While it was easy for the panelists to dismiss extreme makeovers, it wasn't so easy to dismiss the increasing emphasis on physical appearance. And the anger and frustration some people feel about that pressure.

The most compelling story about physical appearance came from burn victim Don Miller.

In December 1999, after being assured an electrical current was safe, he instead was blasted with 12,470 volts of electricity that surged through his body. When he woke up from a coma nine weeks later, 60 percent of his body was burned.

Sixty surgeries later, his story seemed like an anecdote to a society's fascination with beauty.

After operations, consultations and conversations, he said his biggest perspective on beauty came from his 5-year-old granddaughter.

They were downstairs in a home playing, Miller recalled. After a while he grew too tired to continue playing with her.

"Ugly pop-pop is too old to keep playing," he said.

"You aren't ugly, you were just burned," the 5-year-old told him, Miller recalled as he wiped a tear from his eye.

Miller admitted to caring about his appearance and said he would likely have more surgeries to help repair his skin. But he said the burns led him to discover something no plastic surgeon's scalpel could help.

"When you have a devastating experience like this thrown your way you find a strength and courage inside to handle those demands society has on what is acceptable," he said.

Still, it wasn't easy for many participants to set aside the enormous power beauty wields. And how many people are drawn to attractive people, whether being aware of it.

"How many of us can say that we've picked out the best-dressed salesperson to go up to," Altobelli said. "Well, a person's skin is also their suit."

Candace Otto, 24, the reigning Miss Pennsylvania, admitted she had felt not so beautiful after looking at women in fashion magazines.

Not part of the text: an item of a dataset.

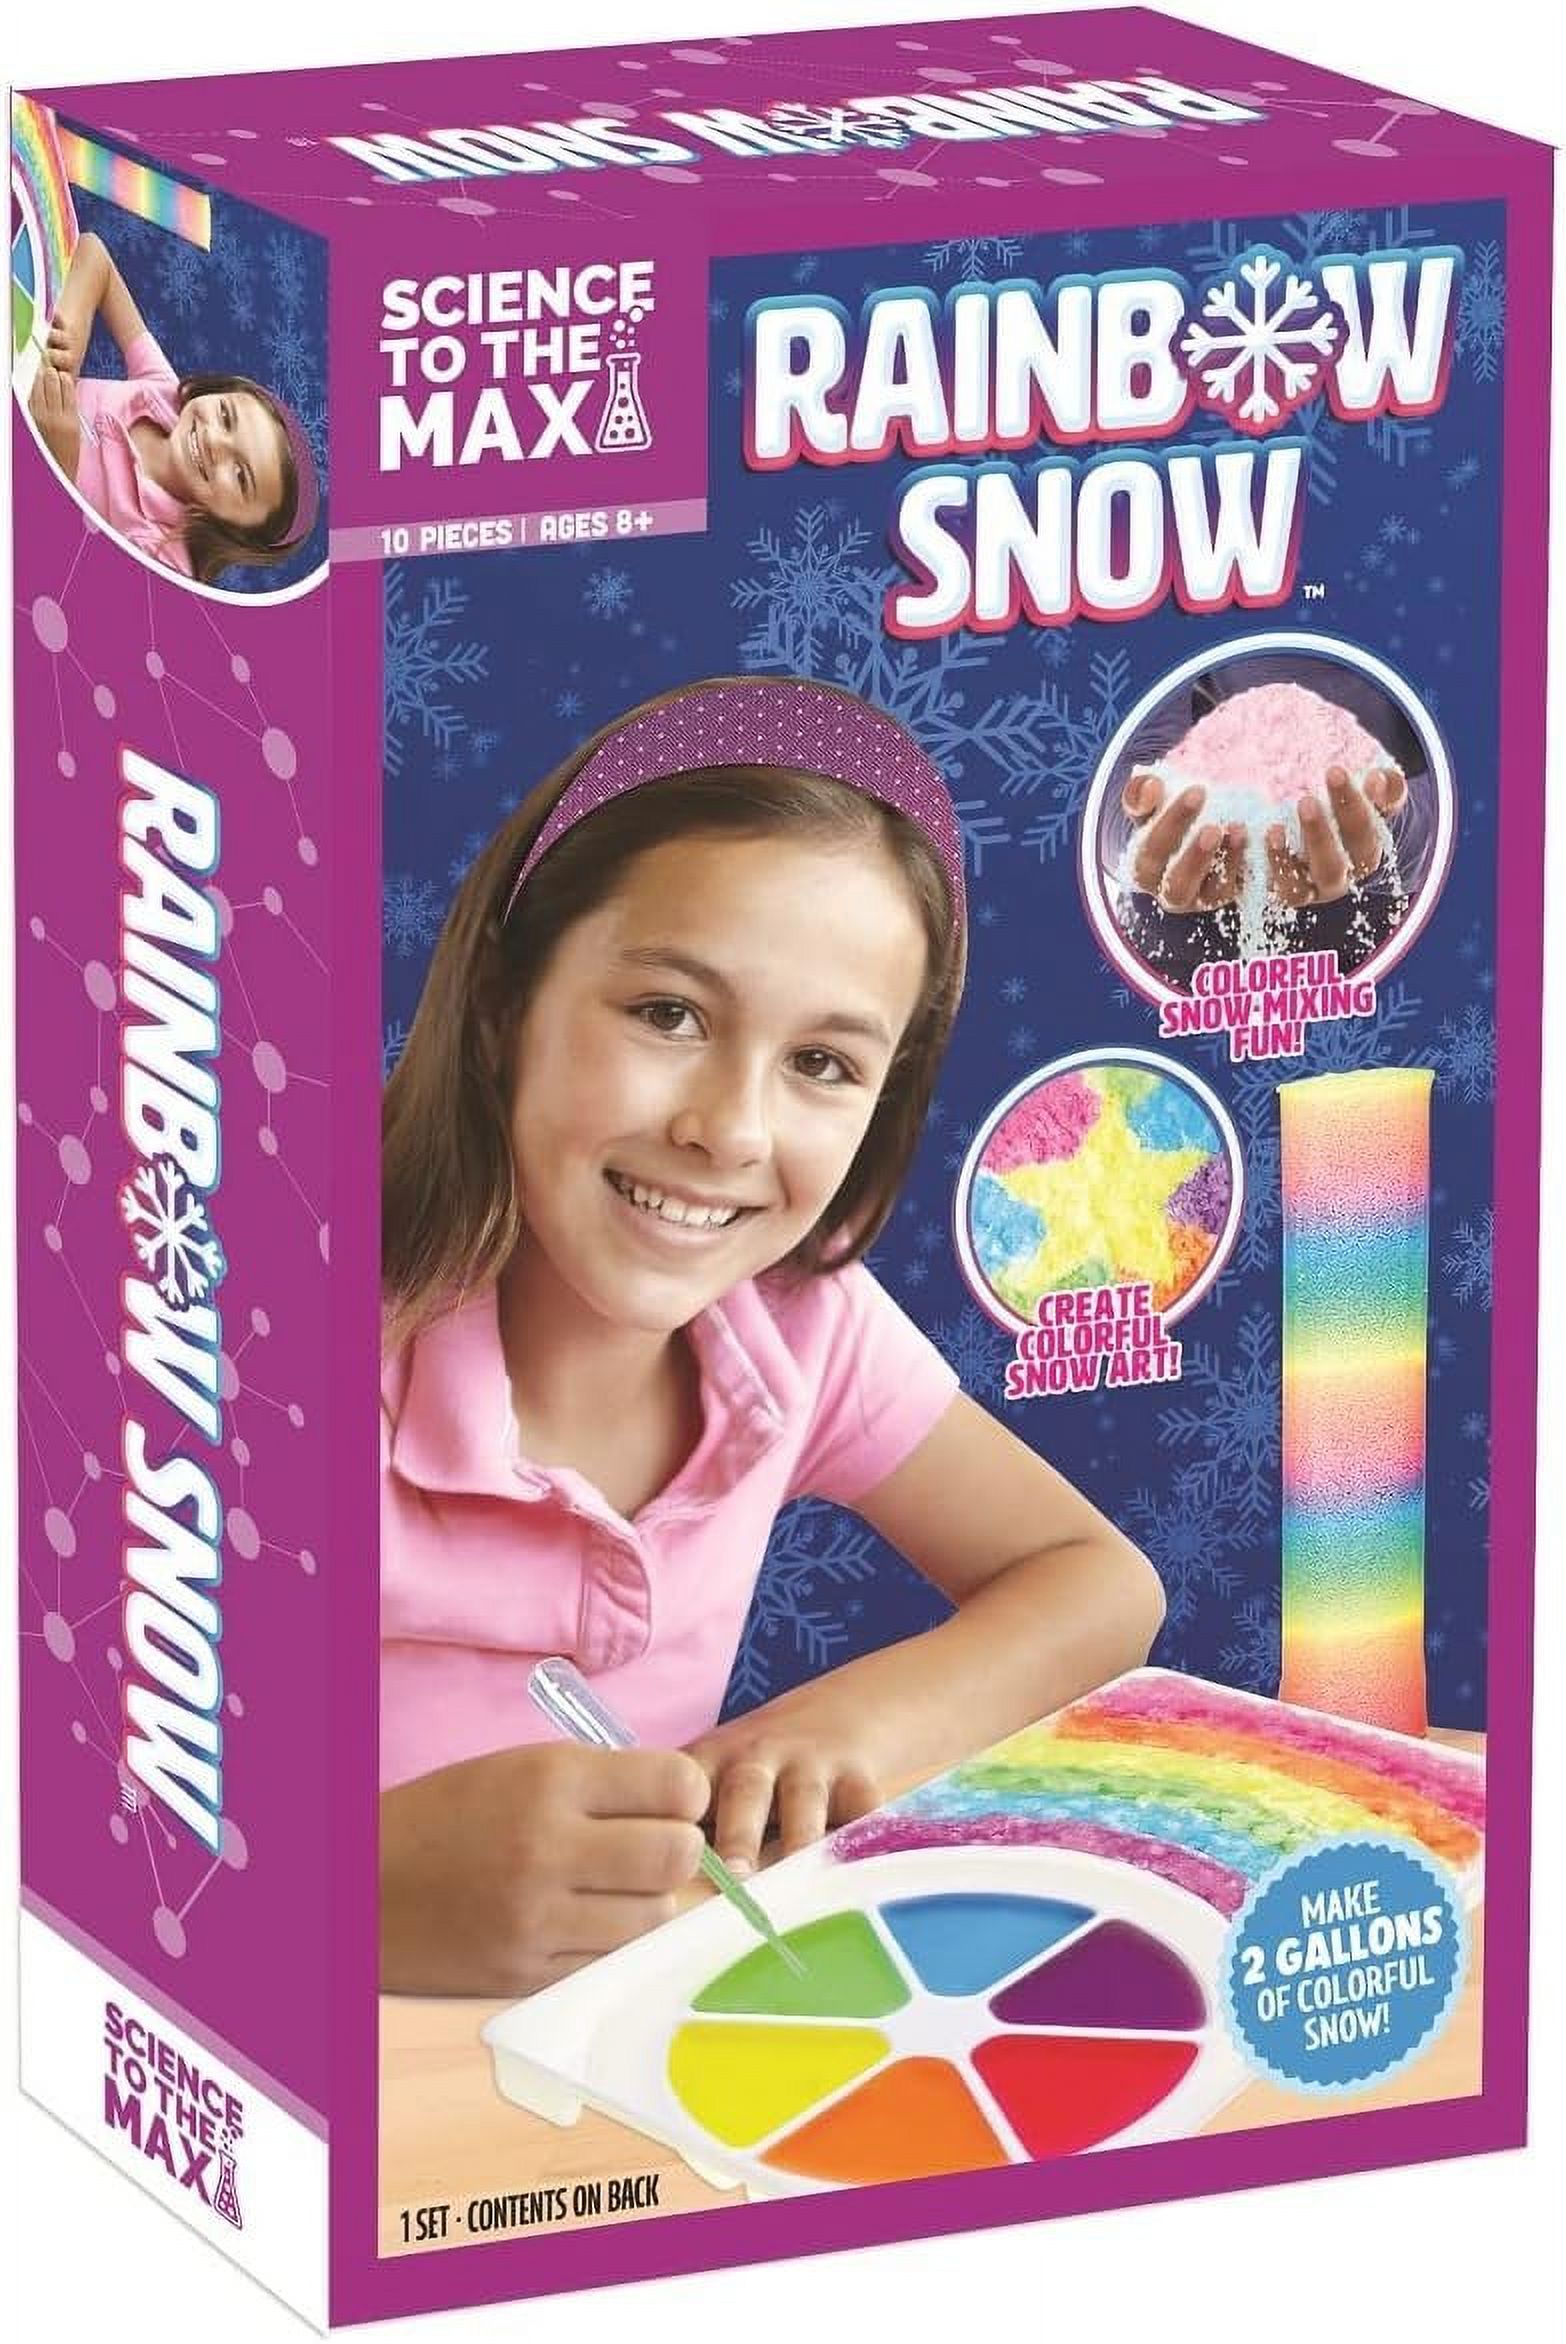 Science to The Max Rainbow Snow- Create 2 Gallon of Colorful and Reusable Snow- 7 Science Experiments Included - Stem Activity Kit for Boys & Girls 8+- Snow for Winter Display - image 1 of 10

And she recalled going to an audition for a commercial a few years ago. She was startled to be auditioning for a part where she would play a middle-aged man's wife and a mother to his children.

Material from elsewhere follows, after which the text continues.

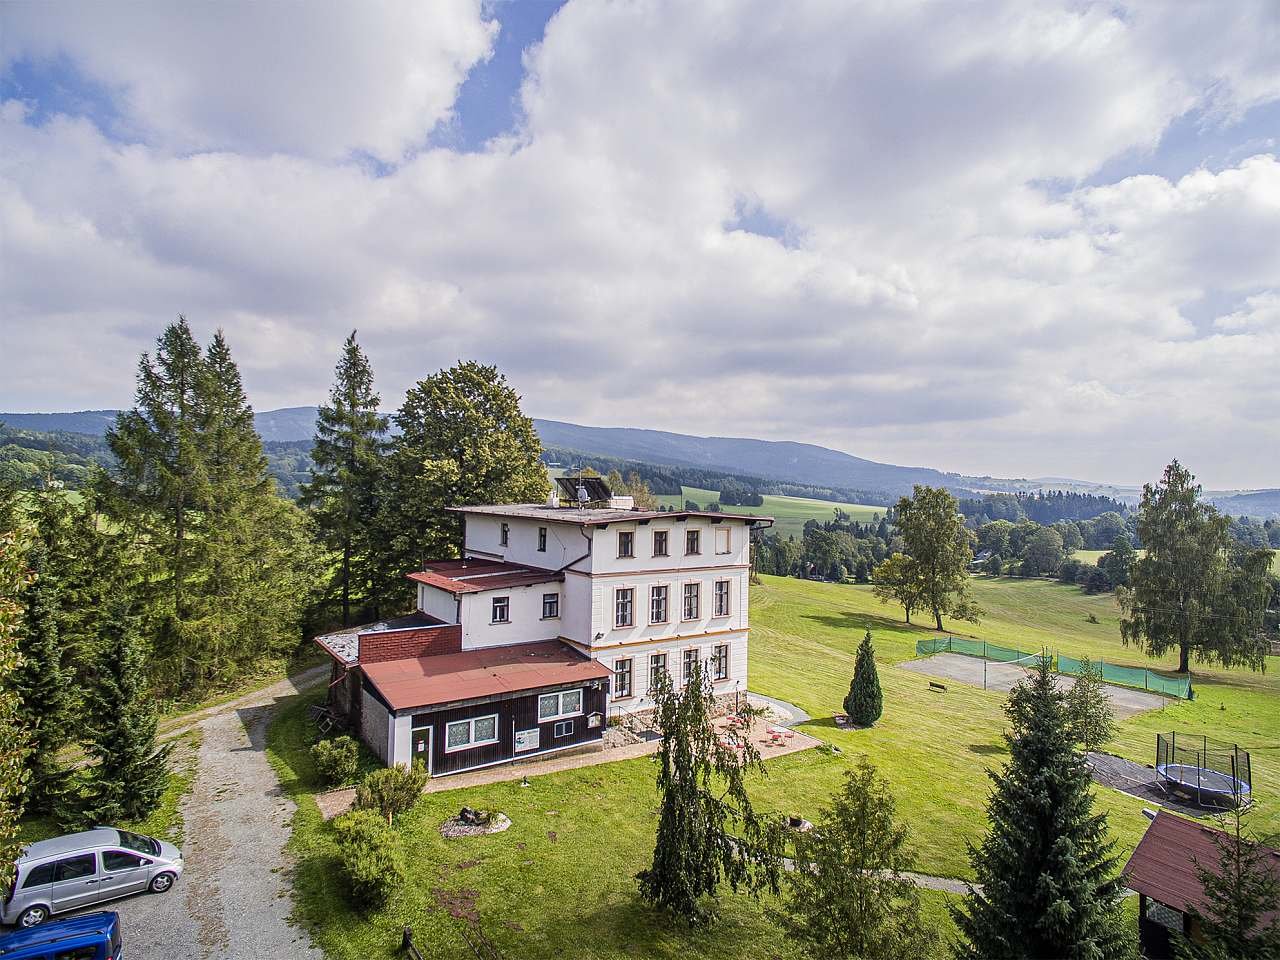 The guesthouse is semi-secluded. Drone photo.

"I think there's something wrong in a society where 50-year-old women are supposed to look like me," she said.

Still, the beautiful may have their problems, too. Otto said she's been a victim of beauty means bimbo stereotyping.

"Sometimes people have looked at me and started speaking really slowly," she said. "Then they are surprised that I can actually speak and be articulate."

However, one panelist said not caring about one's physical attraction could be psychologically damaging.

"You can't separate the physical self from the inner self," Knowles said. "It's part of your individuality."

While working at mental health clinics, Knowles said a major process in a patient's step to recovery was starting to care about how they looked. People who define themselves as being attractive also generally report being happier, he added.

Altobelli said he hoped his plastic surgery would be part of making people happier. He's seen how unhappiness is caused by an abnormally asymmetrical body part.

A child with abnormally large ears was mercilessly picked on by other children, he said. A girl with a size-I bra (as in A,B,C,D sizes) came into his office telling him she had never had a man look her in the face first. And another woman before corrective surgery walked with her head down and hair sloping into her face because of an abnormally large nose.

"Most people I see want to look acceptable, not beautiful," he said. "And that can kick start people into feeling better about themselves."